The idea that Putin is cynically exploiting these feelings to consolidate power would be a gross simplification. On the contrary, he sincerely shares them. To ride this wave Putin combines technocratic economic management, authoritarian power and Soviet rhetoric.
If Russia cannot be dissuaded from its claims to power and territory in Ukraine, Europe must prepare itself for the long haul.
This state of affairs in Russia is hardly unprecedented. Russian opposition commentators compare Putin openly to a similar historical figure, Tsar Nicholas I. Indeed, there are all too many similarities between these historically distant episodes: stifling oppression, exploitation of military victories and ideological confrontation with Europe. Nicholas I’s authoritarian regime appeared indestructible until Russia’s defeat in the Crimean War in 1853–1856. It collapsed after Tsarist geopolitical ambitions collided with the united European powers.

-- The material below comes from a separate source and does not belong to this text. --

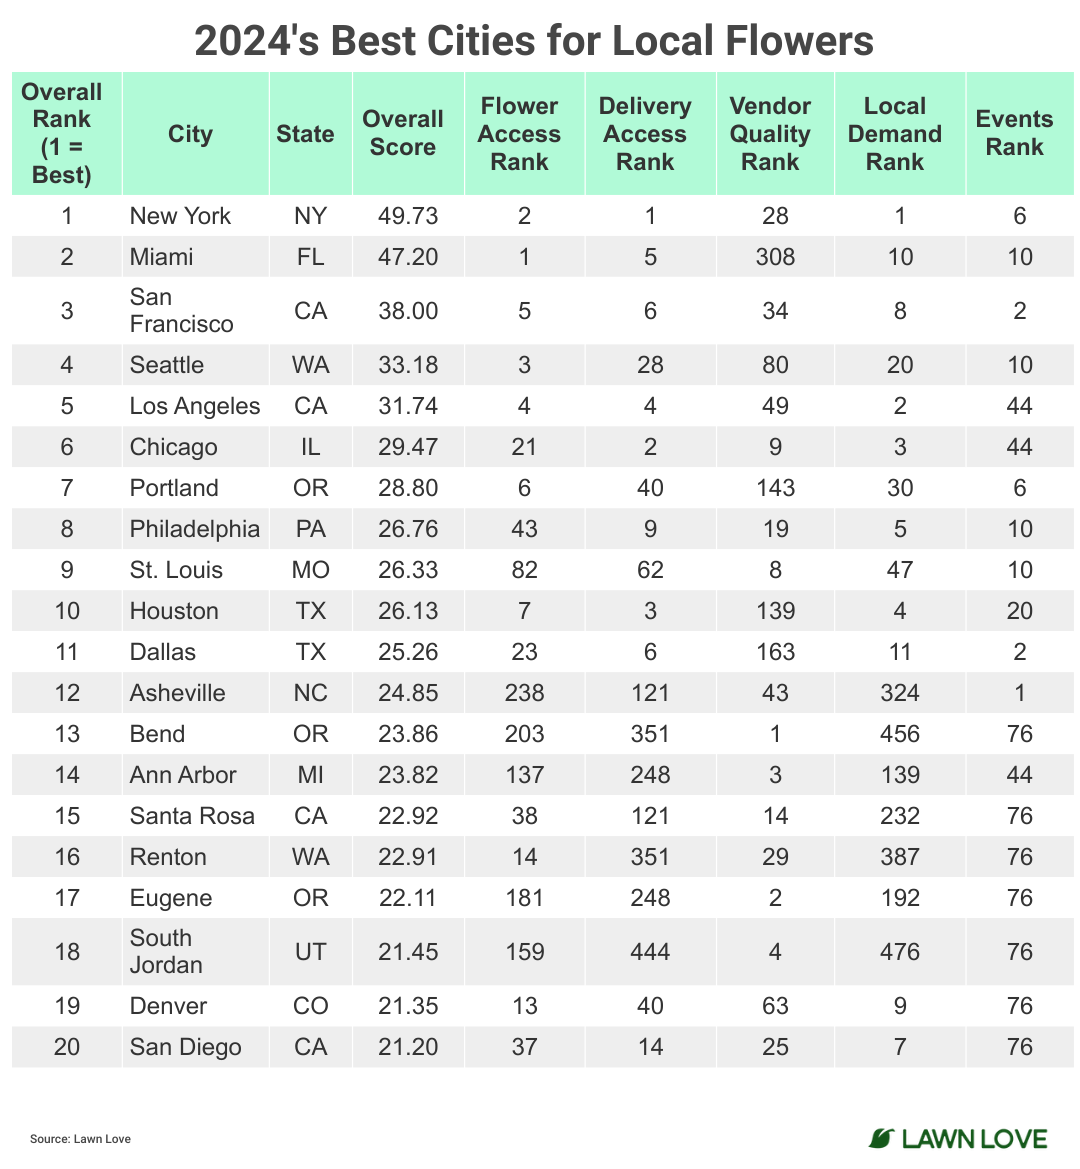 Table showing 2024's best cities for local flowers.

In the wake of this defeat, political Russia shifted course dramatically, adopting liberal reforms of unprecedented scope and depth. In due course, defeat in the Russo-Japanese War of 1904–1905 forced Nicholas II to grant political concessions and even parliamentary government. Much later, in the 1980s, the Afghanistan debacle eased Gorbachev’s transition to a new politics, in the form of glasnost and perestroika. It has become common in Russian historiography to state that these military defeats laid bare the ‘rottenness of the regime’. They also awakened a desire for reform, in both the elites and the general public.
What does all this mean for the current state of affairs and the outlook in Ukraine? As important as an openness to signs of peace and a willingness to negotiate might be, the pervasiveness of the three central narratives in Russian foreign policy suggests that the war of conquest and attrition will continue. If Russia cannot be dissuaded from its claims to power and territory in Ukraine, Europe must prepare itself for the long haul. Putin has made no bones about his aims: restoration of Soviet borders and the Soviet sphere of influence on the European continent.